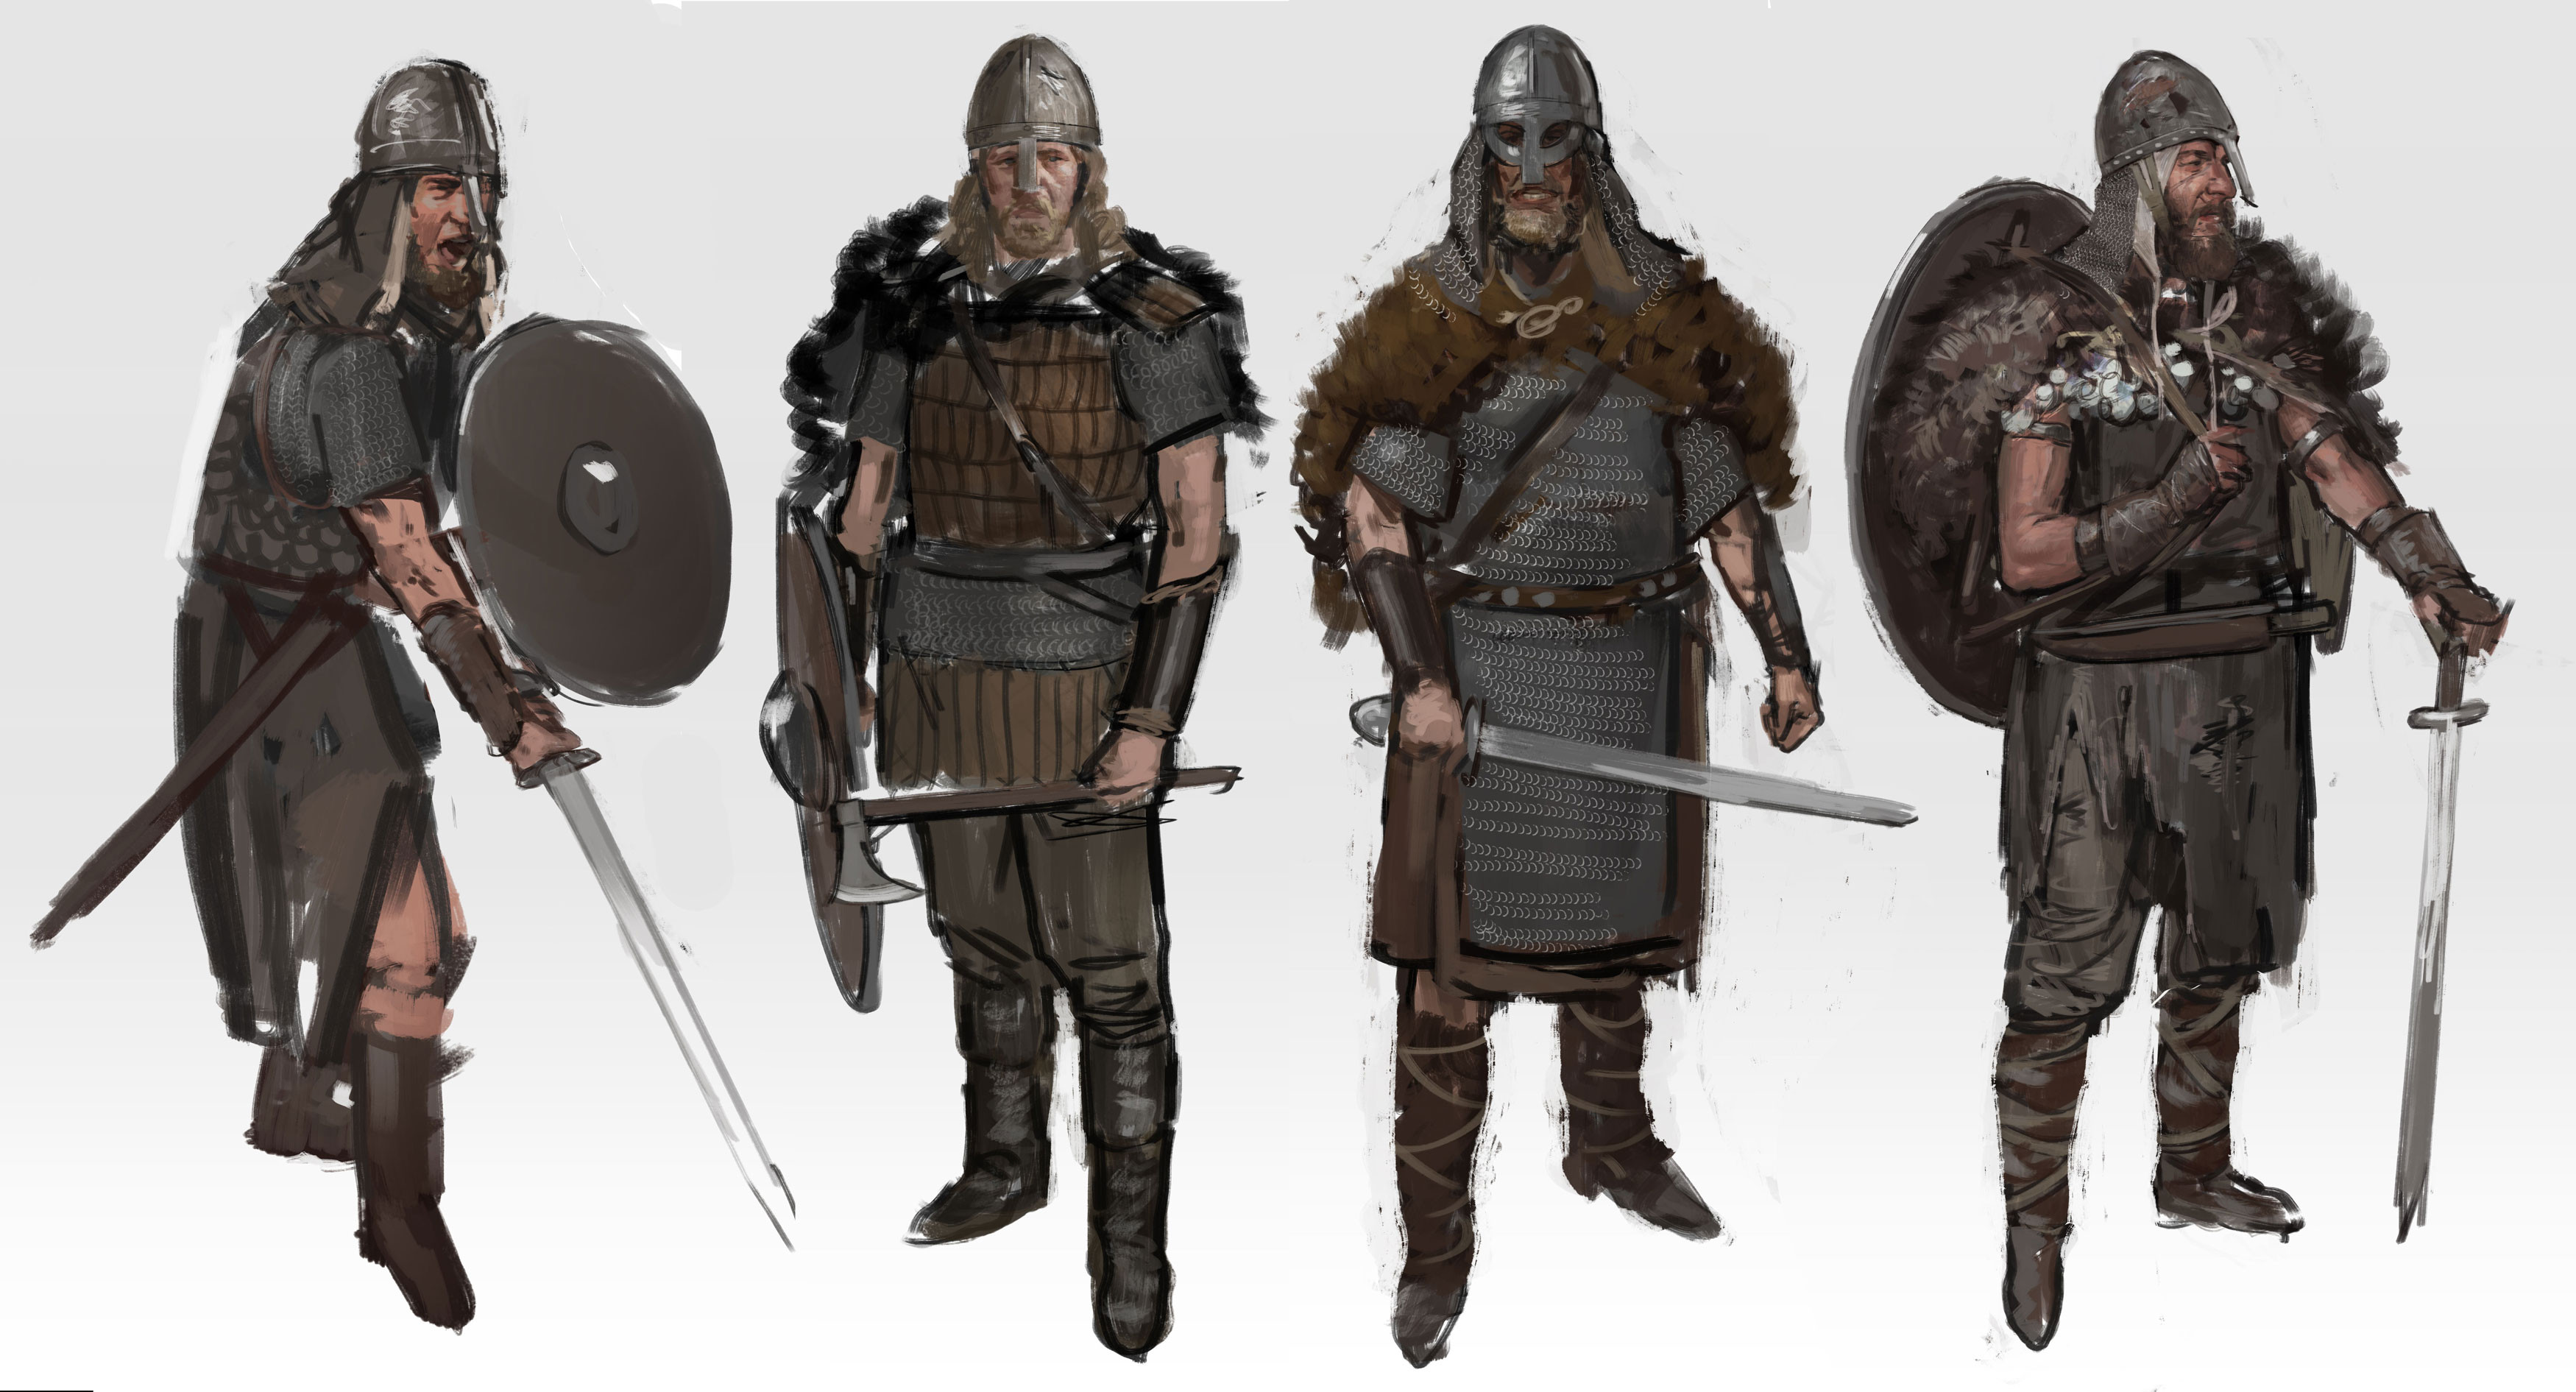 Sketches of Vikings
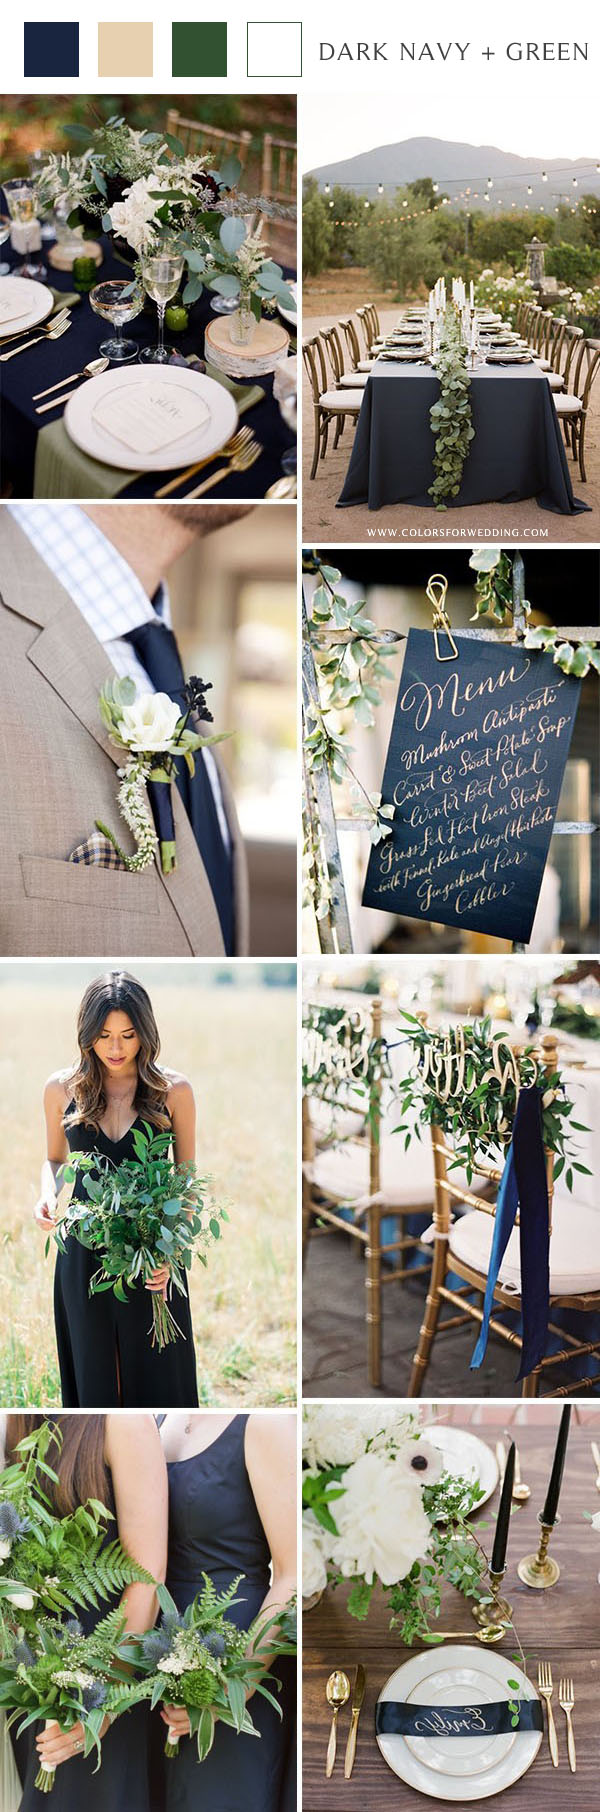 dark navy and greenery classic wedding colors
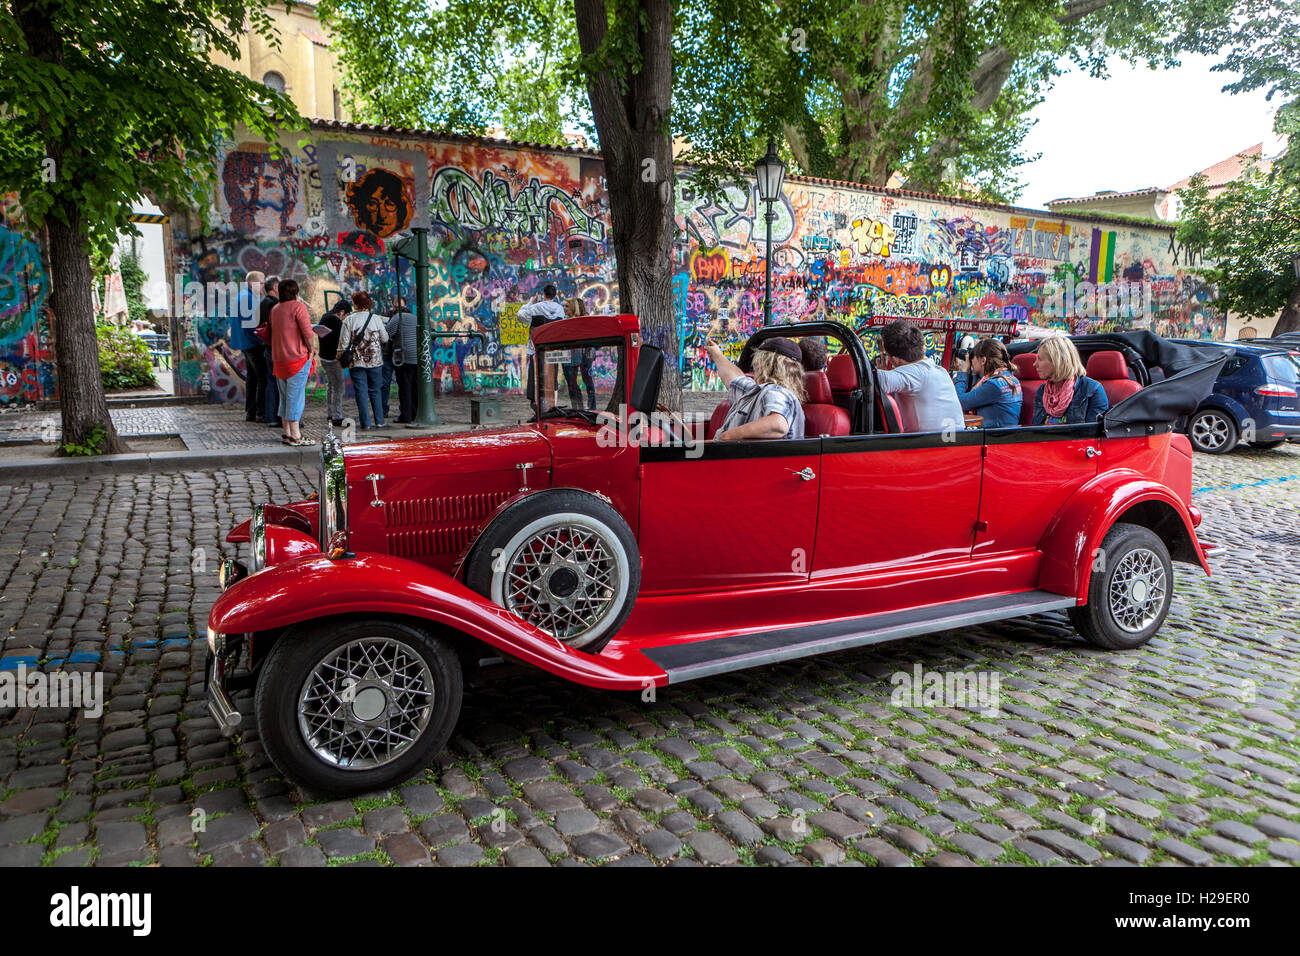 John Lennon Wall Praga gente en City tour, un viejo coche de época Foto de stock
○ ○ ○
Required work:
Please reproduce the listing exactly, leaving out any pictures.

Exercise answer:
 Sketches of Vikings
 dark navy and greenery classic wedding colors
 John Lennon Wall Praga gente en City tour, un viejo coche de época Foto de stock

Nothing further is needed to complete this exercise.